Readers will find themselves astonished at the extraordinary range of this book. Beginning by resurrecting an obscure Scandinavian philosopher, Peter Wessel Zapffe, Ligotti takes us on a tour of both philosophy and literature that manages to include Schopenhauer, Anne Radcliffe, Thomas De Quincy, H.P. Lovecraft, and Poe. This is no simple ornamental display of learning and range; Ligotti has insights into each of these figures that cut like a razor. He is absolutely unrelenting in his effort to push ideas to their logical conclusions.

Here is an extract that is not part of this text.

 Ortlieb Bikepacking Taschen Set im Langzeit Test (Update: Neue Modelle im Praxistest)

But there’s an important response to Ligotti’s claims. He fails to fully engage with the problem of political, as opposed to personal, nihilism. The great majority of humanity has, Ligotti points out, simply decided that “being alive is all right”, despite manifest evidence to the contrary. Our political struggles, this would seem to suggest, are manifestations of our unwillingness to recognize the “malignancy” of life. In this, free market libertarians, neo-conservatives, fascists, and socialists could be said to share a common taste for an eschaton, a way out of the morass.

But I don’t buy it. This idea has a rather common sense answer, one perhaps best summed up in one of Orwell’s most appealing defenses of socialism, an essay cheekily entitled ” Can Socialists be Happy?” No workers paradise, Orwell insisted, would end human suffering or, indeed, human capacity for evil and cruelty. But, it’s an act of bad faith to reason from this that a politics that decreases human suffering is not preferable to one that increases it.

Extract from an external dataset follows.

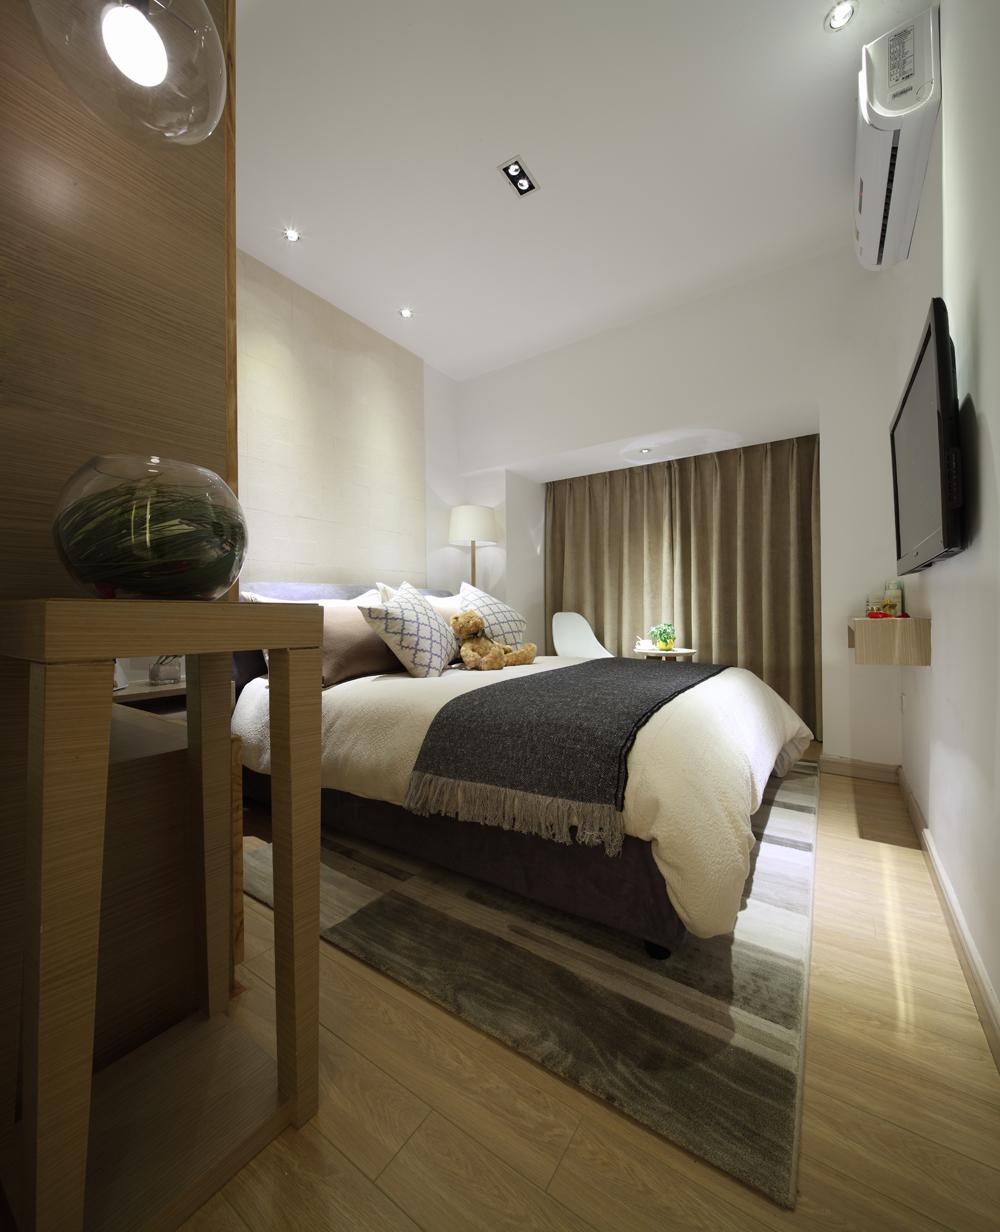 日式 卧室图片来自安豪装饰在世茂翡翠首府-116平-日式风格的分享

Such commitments might well be an example of what Ligotti describes as Peter Wessel Zappfe’s concept of “anchoring”, the attempt to “stabilize our lives in the tempestuous waters of chaos.” Maybe so, but isn’t bird watching a preferable sort of anchoring in comparison to fascism? Isn’t struggling against fascism even better? (Zappfe is quoted at length, here. His work, “The Last Messiah”, can be read in English translation here on Philosophy Now.)

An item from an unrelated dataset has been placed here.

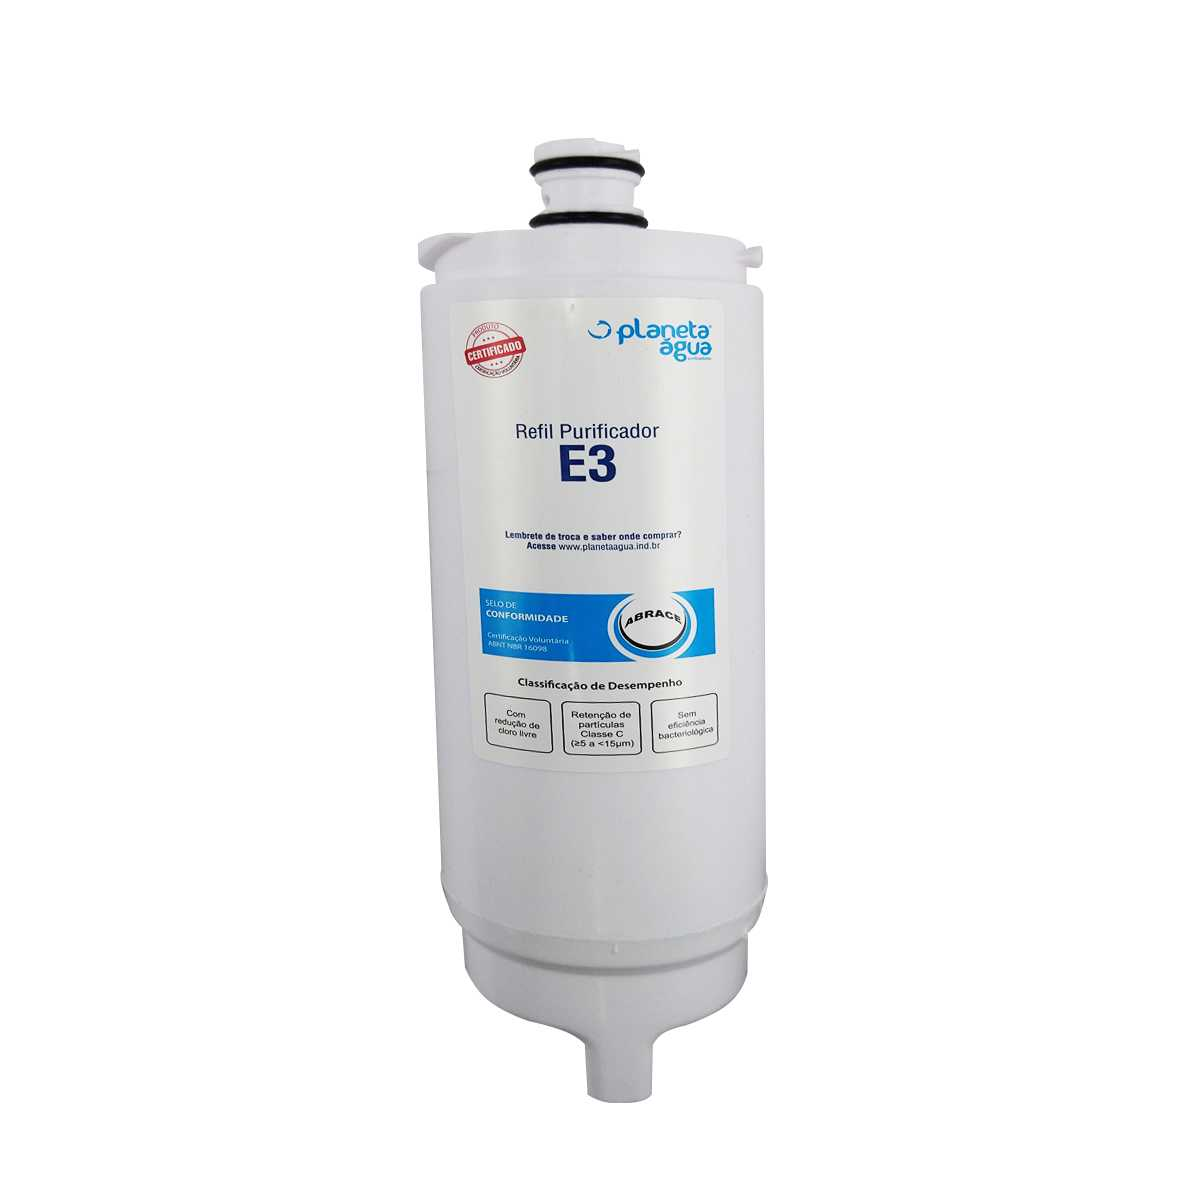 Refil filtro água purificador IBBL (E3 ESPECIAL)

This doesn’t mean he’s ultimately wrong about his thoroughly depressing conception of what existence means. Indeed, The book should be read, and here some will vociferously disagree, as a kind of self-help book, perhaps an anti-self help book given its theme. If you, like me, have suffered from clinical depression, you may think a work of philosophical pessimism precisely the book you should not read. Isn’t the world, and certain chemical combinations in our own brains, fairly constantly telling us we don’t matter that much anyway? Given the outcry over simple, empathetic stories like the TV show, 13 Reasons Why, it’s hard to imagine what suicide prevention culture would think of Ligotti’s black ruminations.

From another perspective, however, it’s a wonderfully liberating book. Ligotti leaves the reader with no answers. He’s obviously an anti-natalist but doesn’t really think that human beings will get around to making this rather rational choice. He doesn’t advocate suicide and I refuse to believe that anyone not already ready to take that leap into the dark would do it because they read this dour book. Indeed, it helps prove the author’s point if the illusory goodness of life, the smiling mask, can be ripped away by a book, a song, a movie, or a TV series

This may be the best book to hand a person suffering from depression. It certainly was good for me to re-read it after a number of years. We are having an important public discussion about removing the shame and silence surrounding depression and mental health issues more generally. The Conspiracy Against the Human Race deserves some place in this conversation. Depressed? You have reason to be and yet neither you nor your depression matters that much to a cold cosmos. You don’t have to smile, you don’t have to cheer up. You are not the one pretending. You just find yourself, Ligotti writes, “in an abyss of lucidity.”